• **YOUR INSTRUCTIONS**: The expected answer is the full listing, repeated exactly and free of images.

• **RECORDED DATA**:

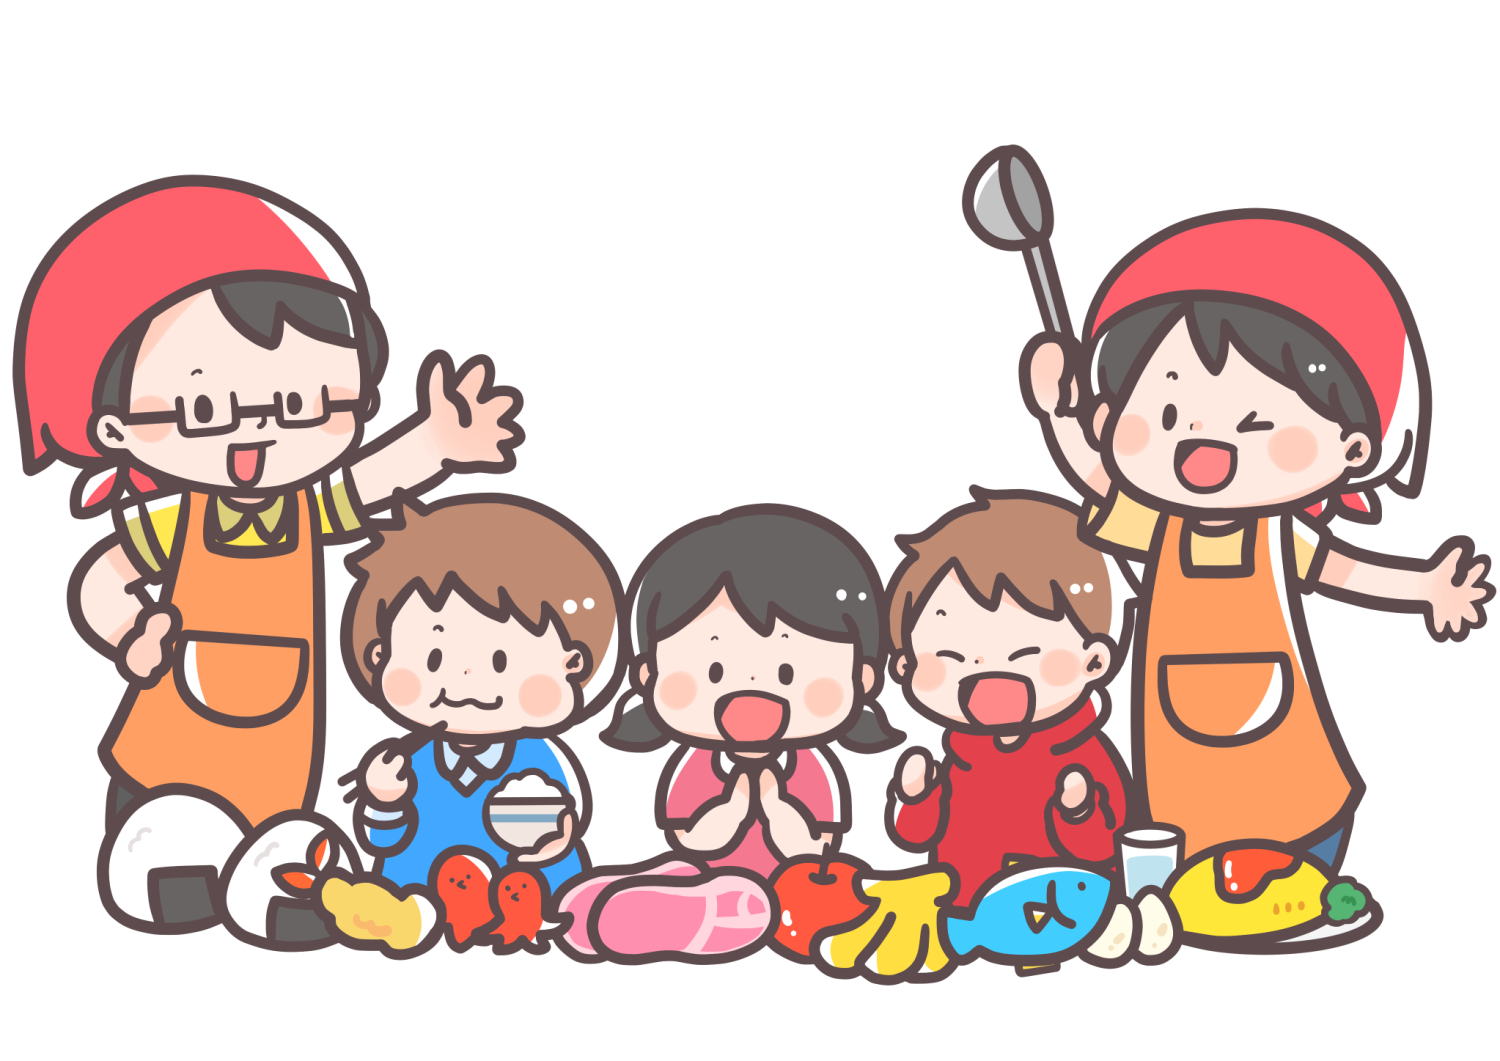 2月2日 16日 守山駅前子ども食堂 メニューはのり巻き寿司とお好み焼き みんなで楽しく美味しくいただきましょう 滋賀のママがイベント 育児 遊び 学びを発信 シガマンマ ピースマム
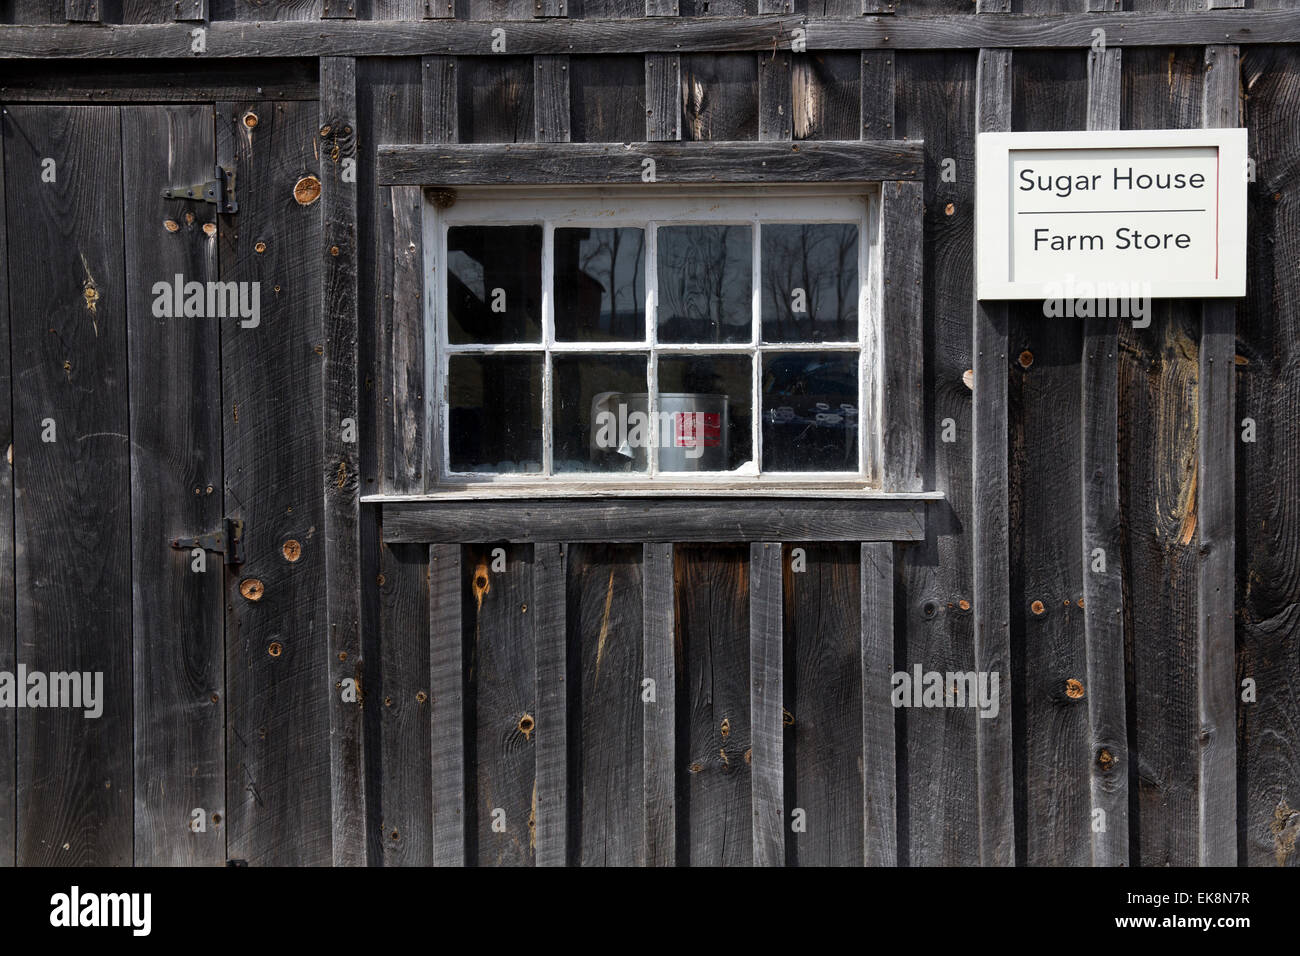 Maison de sucre d'érable, Northfield, Massachusetts, USA Banque D'Images
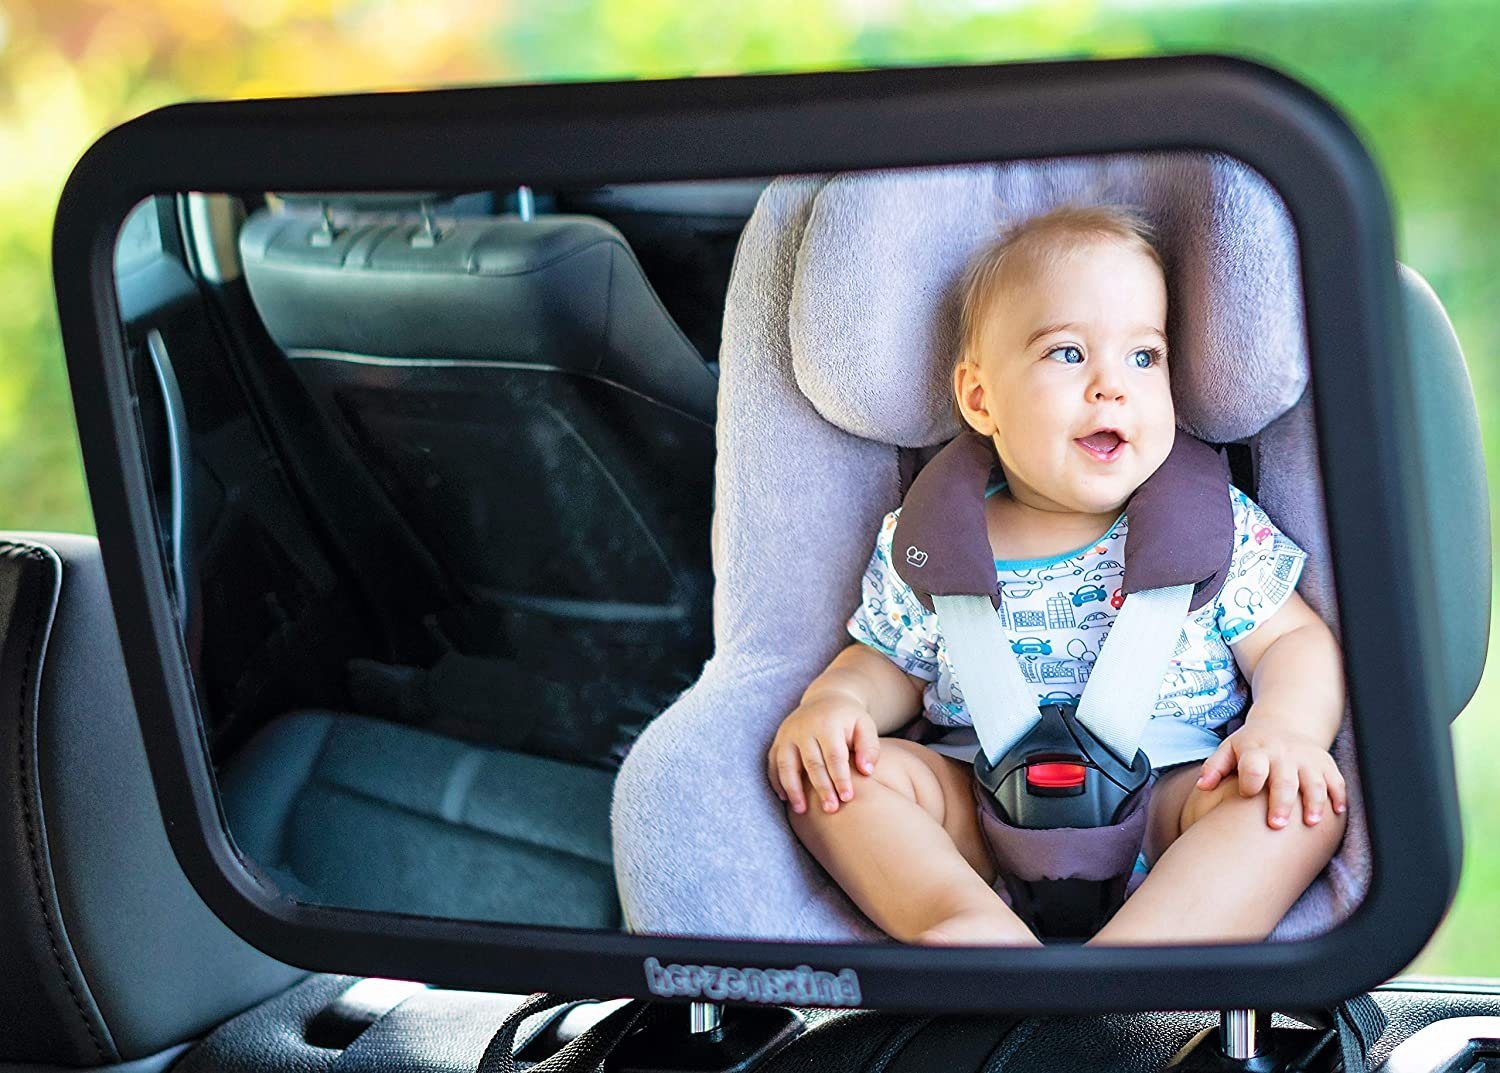 CARACHOME Rücksitzspiegel,Spiegel Auto Baby,Einstellbar 360 Grad drehbar,100% bruchsicher,Schnellinstallation,schwenkbar/neigbar,Ruecksitzspiegel für Babys 
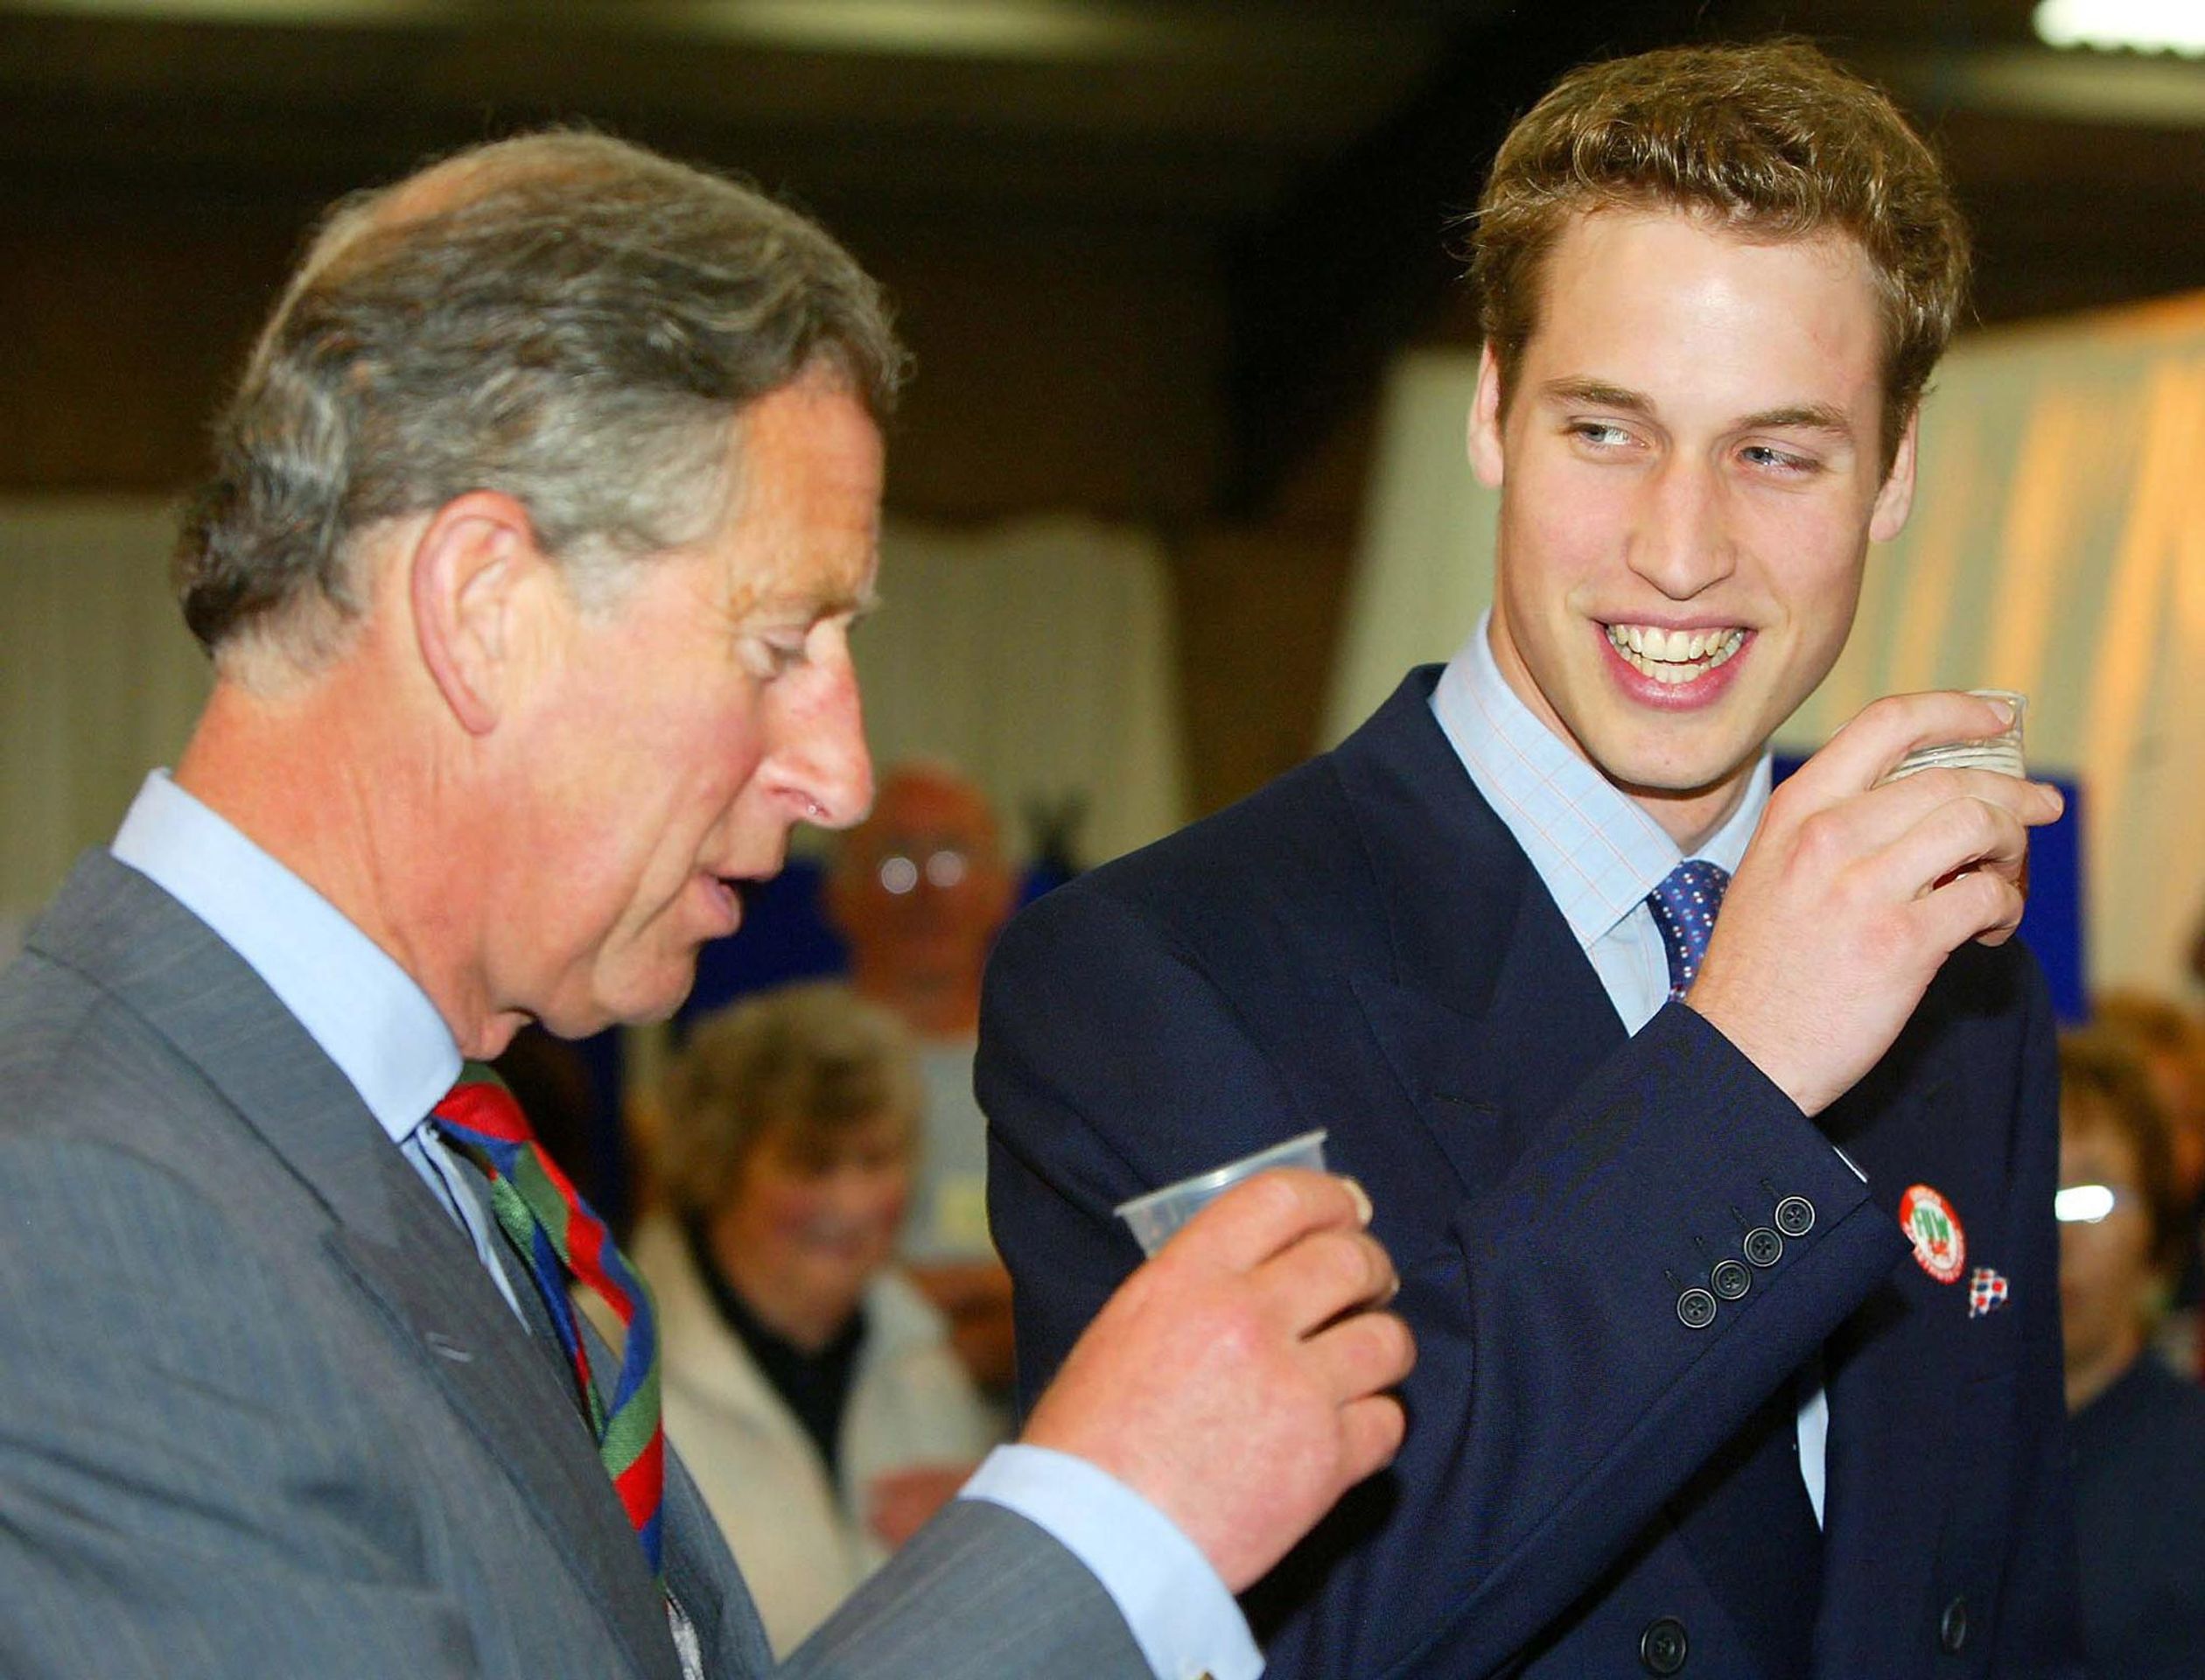 2003: in de aanloop naar zijn 21ste verjaardag, geniet prins William van een biertje met zijn vader, prins Charles, tijdens hun officiële bezoek aan Wales.

• **WORKED SOLUTION**:
 2月2日 16日 守山駅前子ども食堂 メニューはのり巻き寿司とお好み焼き みんなで楽しく美味しくいただきましょう 滋賀のママがイベント 育児 遊び 学びを発信 シガマンマ ピースマム
 Maison de sucre d'érable, Northfield, Massachusetts, USA Banque D'Images
 CARACHOME Rücksitzspiegel,Spiegel Auto Baby,Einstellbar 360 Grad drehbar,100% bruchsicher,Schnellinstallation,schwenkbar/neigbar,Ruecksitzspiegel für Babys 
 2003: in de aanloop naar zijn 21ste verjaardag, geniet prins William van een biertje met zijn vader, prins Charles, tijdens hun officiële bezoek aan Wales.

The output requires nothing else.